Стукнула в последний раз – и раздался странный звук. На миг ей кажется, что это от ее ботинка. Но потом она поднимает голову и видит: с вершины дерева отвалилась ветка и застряла среди нижних ветвей. Всюду трепыхают листочки.
Она отрывает взгляд от крон деревьев. Подходит к машине с водительской стороны.
Заглядывает в окно.
Джун представляет маму на кухне: та делает множество дел сразу, хотя с удовольствием занялась бы чем-то одним. Скажем, почитала бы книжку. Но тут столько всего. Допустим, она моет сковородку, пристроив книжку на столешнице, чтобы удобнее было читать. Допустим, у нее за спиной на плите кипит суп. Допустим, он вот-вот убежит, но в самую последнюю секунду мама – спокойно-преспокойно – отворачивается от раковины и от книги, чтобы убавить огонь, а после возвращается к своим делам. Суп не убежал – чудом.
Вот какое оно привычное – движение маминой руки. Как выключить духовку на полуфразе. Затем договорить.
С ловкой, практичной грацией ее правая рука описывает полукруг над приборной панелью, затем – с легким поворотом корпуса – пролетает между передними сиденьями и, наконец, заносится назад. Быстрая дуга жизни, и на Мэй обрушивается удар топора.

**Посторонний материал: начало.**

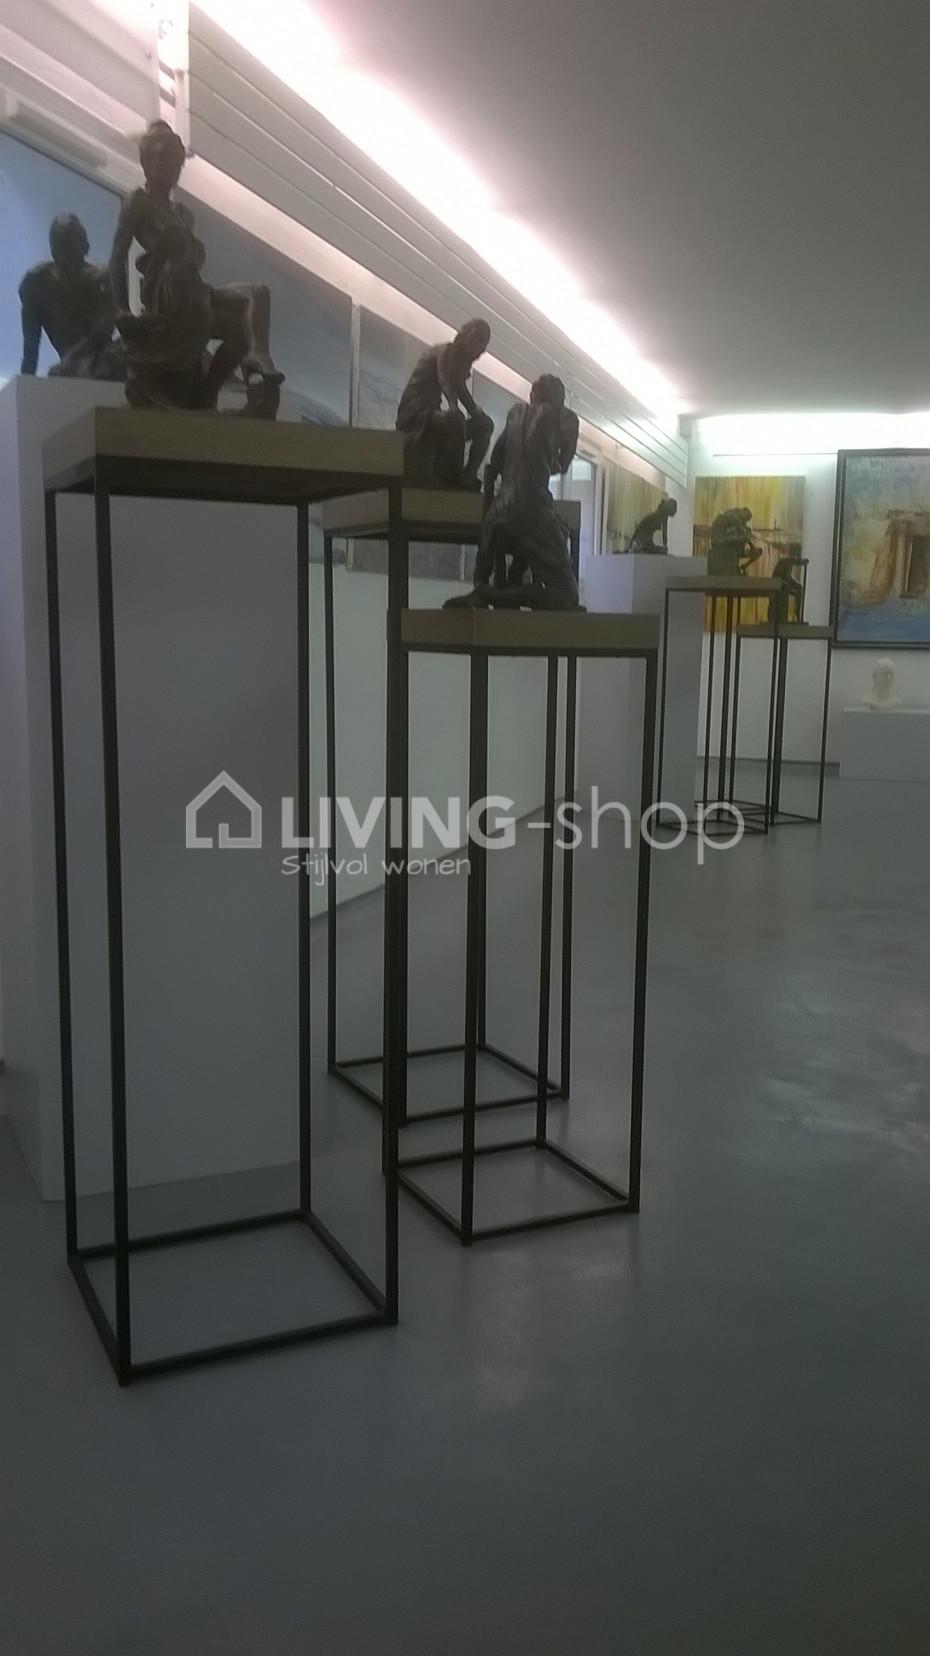 hoge-bijzettafels-loft-stijl-staanders
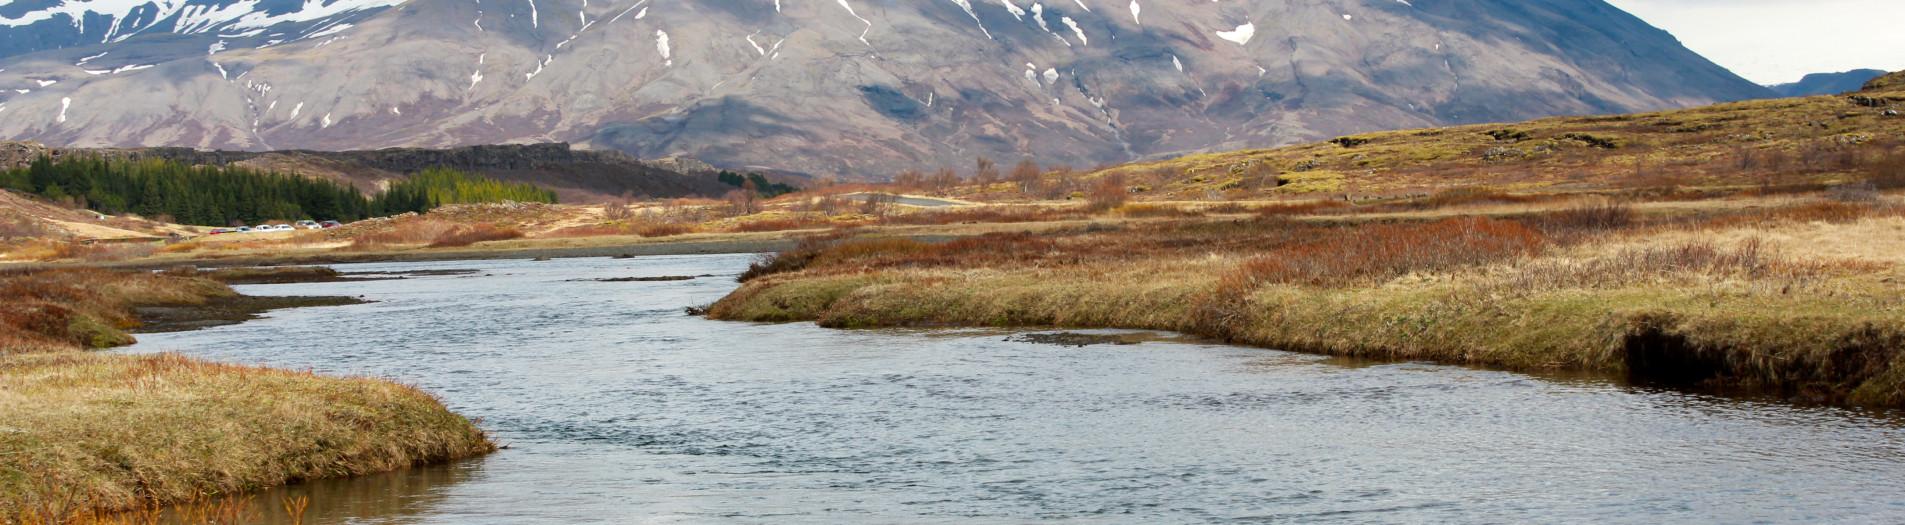 Ísland

Та мирно съезжает в кресле.
Как нет никакого перехода между тем, что было, и тем, что стало, так и Джун ни на секунду не задумывается, ничего не решает. Крутанулась и бежит, безотчетно, в страхе перед тем, что теперь возможно. Сухие ветки хрустят под потертыми розовыми ботинками, папа окликает ее – сначала обычным голосом. А потом – видно, заметил промельки крови в салоне – каким-то чужим, тошнотворным голосом, точно забившийся водосток, и все выкрикивает ее имя – непонятно зачем. Но она едва слышит, густой кустарник больно жалится. К рукам липнет невидимая паутина, а она все бежит.
«Стой, стреляют». Проносясь вниз по склону, мимо этих табличек на деревьях, Энн чувствует угрозу как некую границу в воздухе. Теперь, когда опасность поджидает даже дома, угроза эта стала еще ощутимее. Земли, куда она только что вторглась, земли, которые она пересекает от отчаяния, нелюбимы и нетронуты – лишь новые жуткие таблички появляются каждые несколько лет. Необъятные просторы дешевой земли, чьи владельцы кучкуются на пятачках у дороги, поближе к долине, ведь поселишься выше – зимой не оберешься хлопот. Акры за акрами, при этом целые поколения не отходят дальше чем на двадцать футов от своих передвижных домов. И все же от грязных диванов, где в мельтешащем свете телевизора валяются спящие тела, исходит право собственности; широким взмахом оно простирается над каждым деревцем и камнем, входящим в его законные – и справедливые – пределы, и тогда деревья с камнями становятся чем-то иным, историей людей, заявивших на них свои права; есть что-то недоступное, заговорщическое в темных стволах. Энн бежит со всех ног, по оврагам, сквозь холод, цепляясь за ветки, чтобы не упасть, обжигая ладони, и все больше убеждается, что эта земля, которой они все так гордятся, ничего не стоит. Холмистая, иссушенная, пыльная, летом выжженная пожарами, да и само лето – короткая передышка между зимами, главной чертой этих гор.
Она останавливается перевести дух, прикладывает к порезу комок снега. Ноги промокли и замерзли. Воздух волглый. Она бросает окровавленный снег на землю. Оглядывает озябшие руки, а когда снова поднимает глаза, замечает ворота между двумя соснами, а на них – табличку с надписью от руки: «Ферма эму: яйца, мыло, масла».
Растерев лицо снегом, она отворяет калитку. Ровно посреди двора стоит передвижной дом; сбоку и сзади, захватив кусочек луга, его огибает загон для эму. Под пристальным взглядом высокой птицы, склонившей голову набок, Энн направляется к дому. Птица поднимает одну ногу и загибает когтистый палец, будто у нее назрел вопрос. В отдалении, среди деревьев, доисторически прохаживаются другие эму, грязные и царственные.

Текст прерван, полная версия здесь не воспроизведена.